I have designed a TPT script to load data from a set of specific .txt files to a table within a database in Teradata and it works fine. The general structure of this script involves the definition of the DDL, File Reader and SQL Inserter operators, in a way that the mentioned load can be easily implemented by the following statements:
('INSERT INTO ' || @table || ' (
TO OPERATOR ( SQL_INSERTER  )
SELECT * FROM OPERATOR ( FILE_READER_1  )
SELECT * FROM OPERATOR ( FILE_READER_2  );"
where two File Reader operators (FILE_READER_1 and FILE_READER_2) have been previously defined in order to load the file_1.txt and the file_2.txt into the table by applying the statements above.

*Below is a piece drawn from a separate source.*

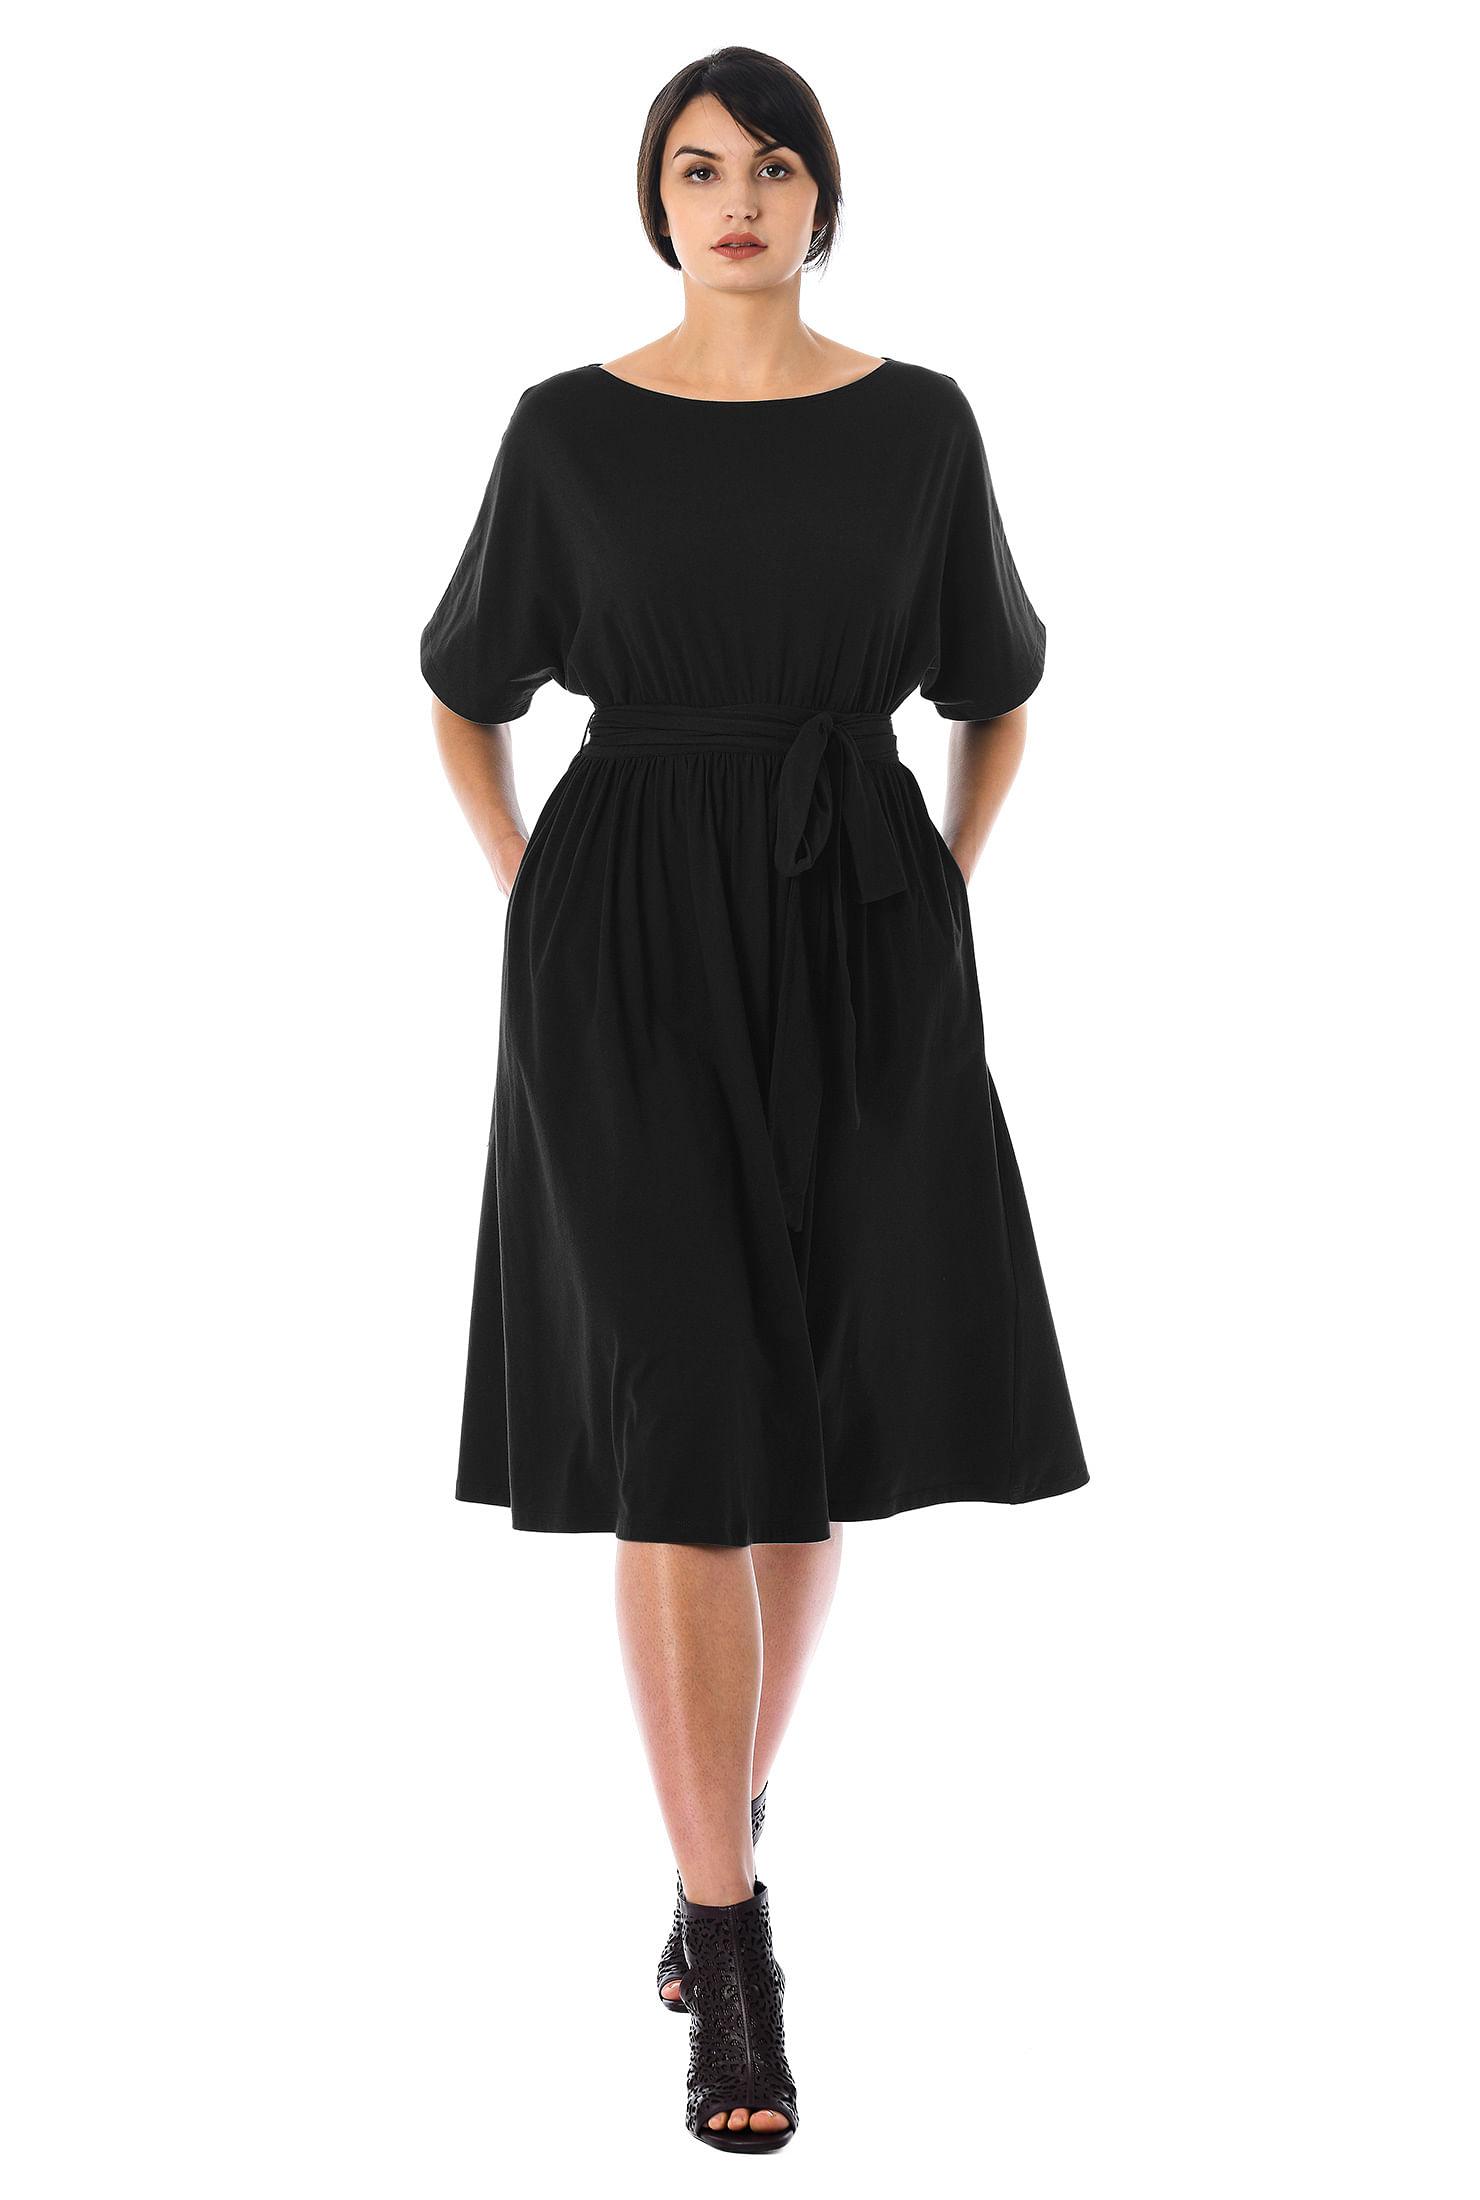 a089905b above elbow length sleeve dresses, below knee length dresses, black  dresses, boat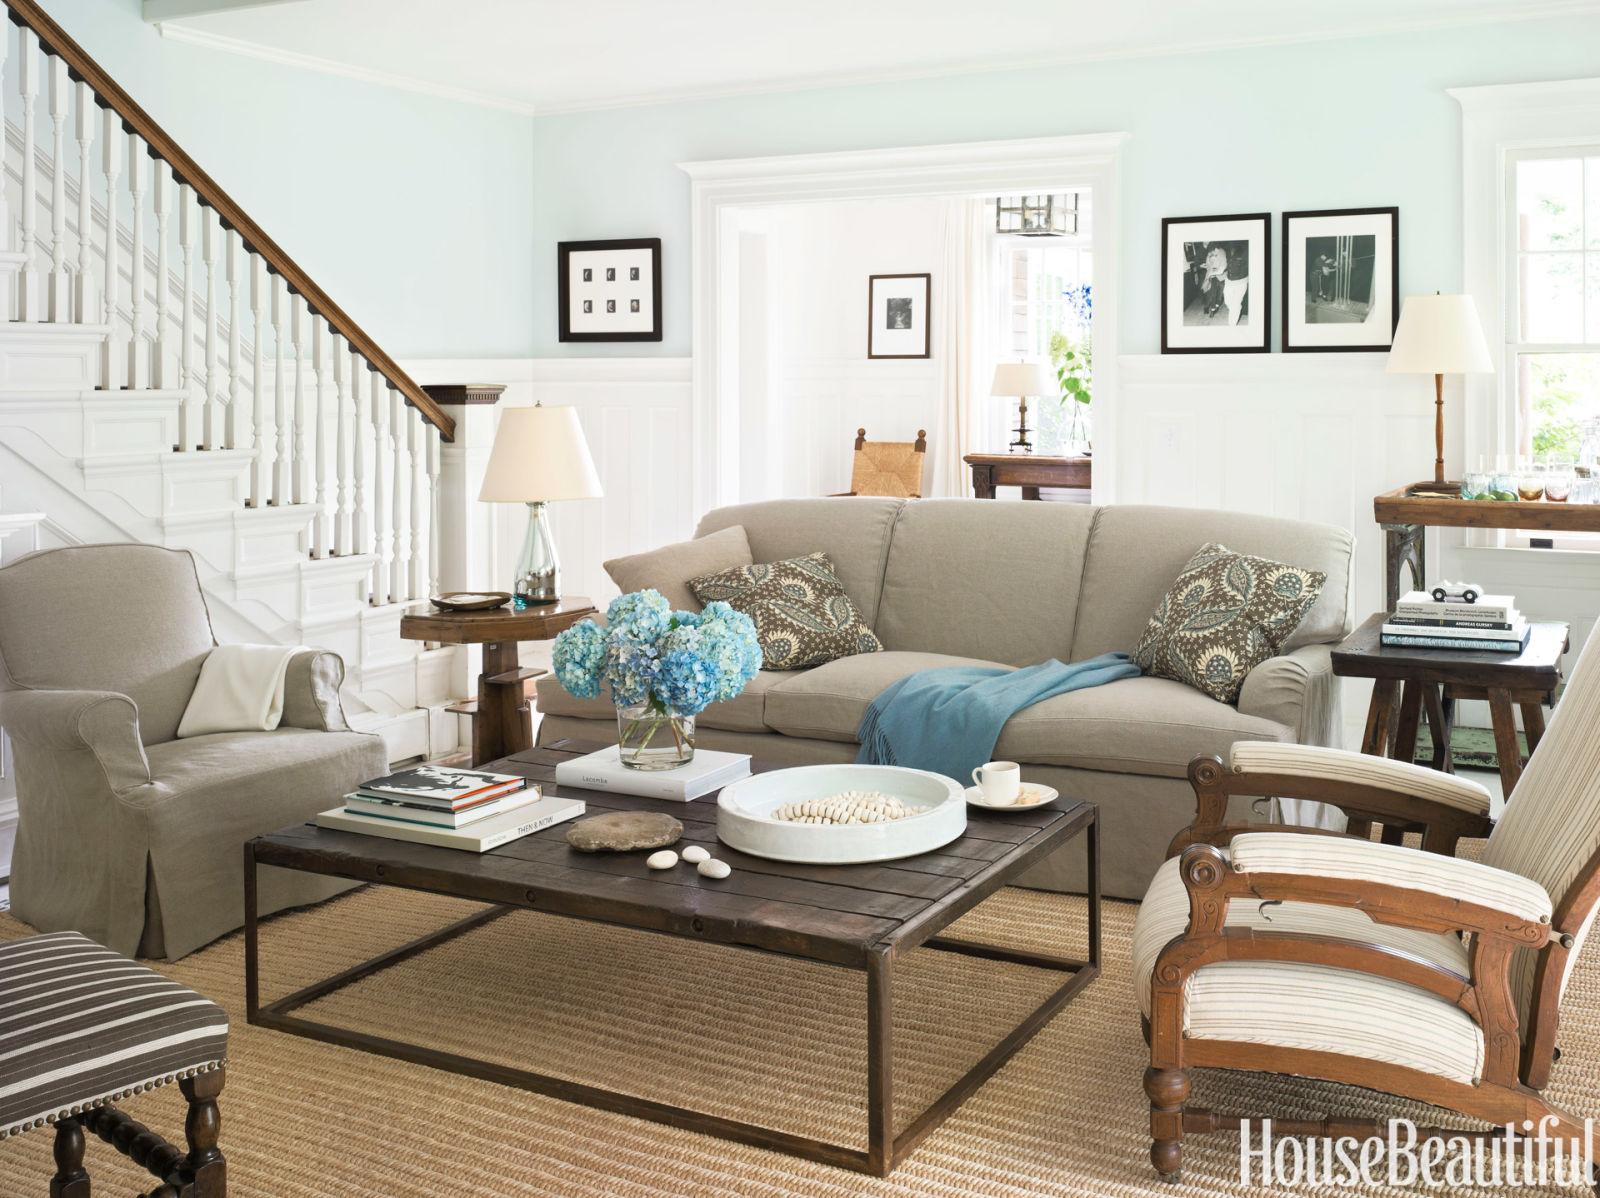 shaker style cottage - robert stilin cottage design

Nevertheless, as I understand it, such a precedure implies the definition of multiple File Reader operators (one for each file to load). Therefore, I would like to implement an alternative procedure provided by a unix shell script to execute a single TPT load job (i.e. with a unique FILE_READER operator) for each file existing in a specific directory (e.g. a variable set of .txt files, which can be named as DATA_YYYYMMDD.txt, within a specific directory).
Is there any sample unix script available to achieve such a procedure?
Thanks in advance.
Solved! Go to Solution.
Thank you for the remarks.
The specific definition of the Data Connector operator within my .tpt file is:
DEFINE OPERATOR FILE_READER
TYPE DATACONNECTOR PRODUCER
VARCHAR DirectoryPath = @DIR_SOURCE
VARCHAR FileName = @FILE_SOURCE,
VARCHAR IndicatorMode = 'N',
VARCHAR DateForm = 'AnsiDate',
VARCHAR OpenMode = 'Read',
VARCHAR Format = 'Delimited',
VARCHAR TextDelimiter = ';'
where the variables "DIR_SOURCE" and "FILE_SOURCE" refer to the directory path and the file name of the specific file to load into the target table, respectively. Hence, for instance, if FILE_SOURCE='FILE_20190315.txt', then this .tpt job loads data into the target table from that specific file.
In this sense, following your lines, I have renamed the variable FILE_SOURCE='FILE_*' (instead of FILE_SOURCE='FILE_20190315.txt' alone) of my script_jobvar.txt file and I have easily loaded a list of 'FILE_YYYYMMDD.txt' files with a single .tpt script into a target table.
Thank you very much again.
I am experimenting a new problem with the previous procedure, since I could load data from a large list of 'FILE_YYYYMMDD.txt' files, but it fails when I execute again the process for a different list of files.
For example, I have two 'FILE_20190314.txt' and 'FILE_20190315.txt' files within the directory 'C:\directory'. Then I execute my .tpt script to load data into a target table from these 'FILE_20190314.txt' and 'FILE_20190315.txt' files by setting VARCHAR FileName = 'FILE_*' (or, equivalently, FILE_SOURCE='FILE_*', where FILE_SOURCE is a defined variable related to the attribute FileName of the Data Connector operator) and it works completely fine.
However, when I delete the previous 'FILE_20190314.txt' and 'FILE_20190315.txt' files and I try to repeat this procedure from different files (e.g. 'FILE_20190316.txt' and 'FILE_20190317.txt' files), then it fails (the system requires the original 'FILE_20190314.txt' and 'FILE_20190315.txt' files to execute the job, apart from the new 'FILE_20190314.txt' and 'FILE_20190315.txt' files):
Therefore, the job "remembers" the original sources and it cannot load data from a distinct list of files. However, in the second job, I only want to load 'FILE_20190316.txt' and 'FILE_20190317.txt' files.
I have just solved this issue by introducing the attribute "VARCHAR ArchiveDirectoryPath" within the Data Connector operator, so that the respective 'FILE_20190314.txt' and 'FILE_20190315.txt' files of the first process are moved to this Archive Directory Path and the new 'FILE_20190316.txt' and 'FILE_20190317.txt' files can be loaded appropriately in the second process.
Thank you very much again.